3:   Lorenz curve for MFBS loan allocations to smallholder farmers                                     67

 4:   Lorenz curve for MFBS loan allocations to smallholder farmers by gender                         136

 

 

 


 

 

CHAPTER 1

INTRODUCTION


1.1       BACKGROUND INFORMATION

The agricultural sector is relevant in Nigeria's quest to achieve a number of the targets of the Sustainable Development Goals (SDGs) unfortunately, food production in this region has not kept the pace with the developing populace in decades and it is susceptible to further decrease.

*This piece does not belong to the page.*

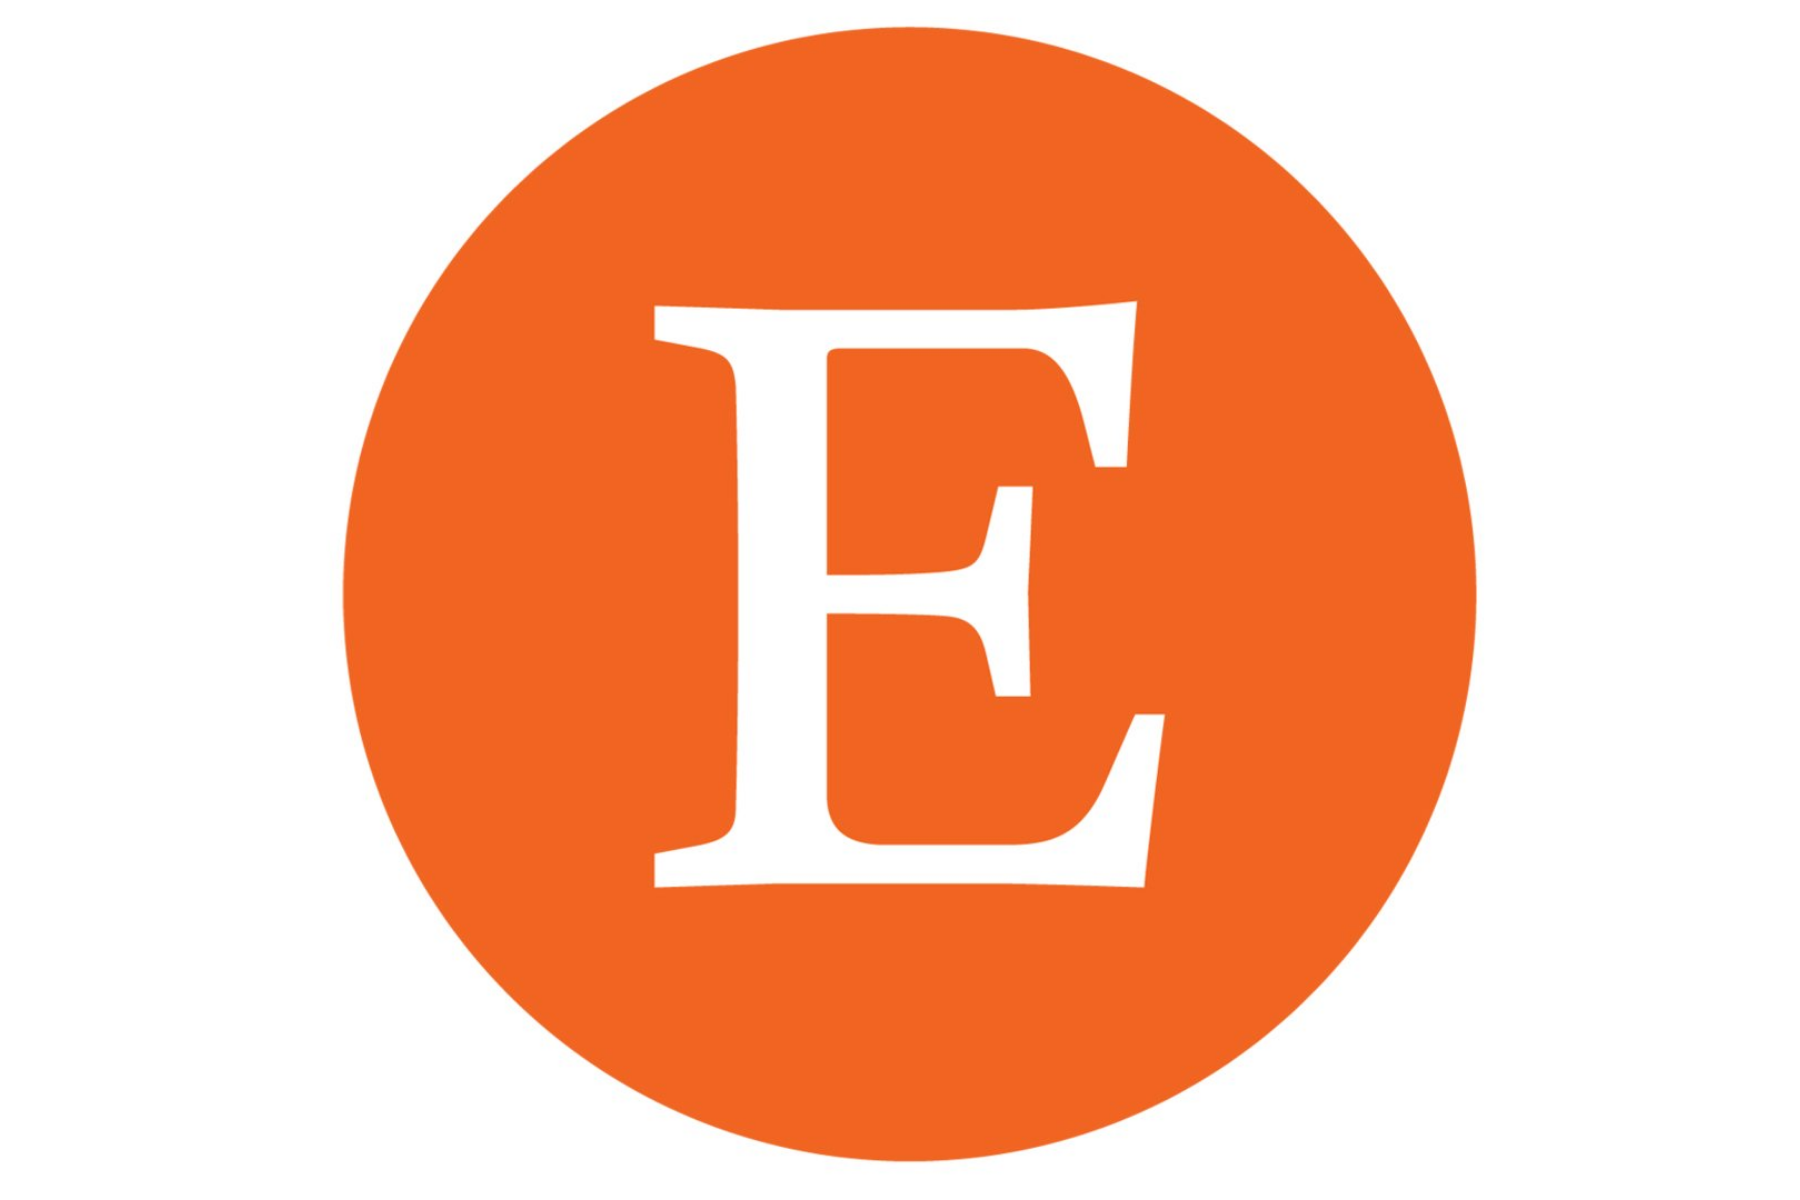 Etsy's logo, with a large letter 'E' inside an orange circle

To exacerbate the circumstance, it is anticipated that harvests yield in the locale will probably decrease to 50 percent by 2030 (Intergovernmental Panel on Climate Change, 2001). For the anticipatable future, prosperity of the rustic populace in Nigeria will be attached to Agriculture.

In this way, encouraging rural development can offer a definite pathway out of destitution. Expansion into business farming is significant for making development sustainable, to diffuse its advantages to rustic zones, and to fence against the stuns from a solitary asset reliance on oil (NBS, 2010).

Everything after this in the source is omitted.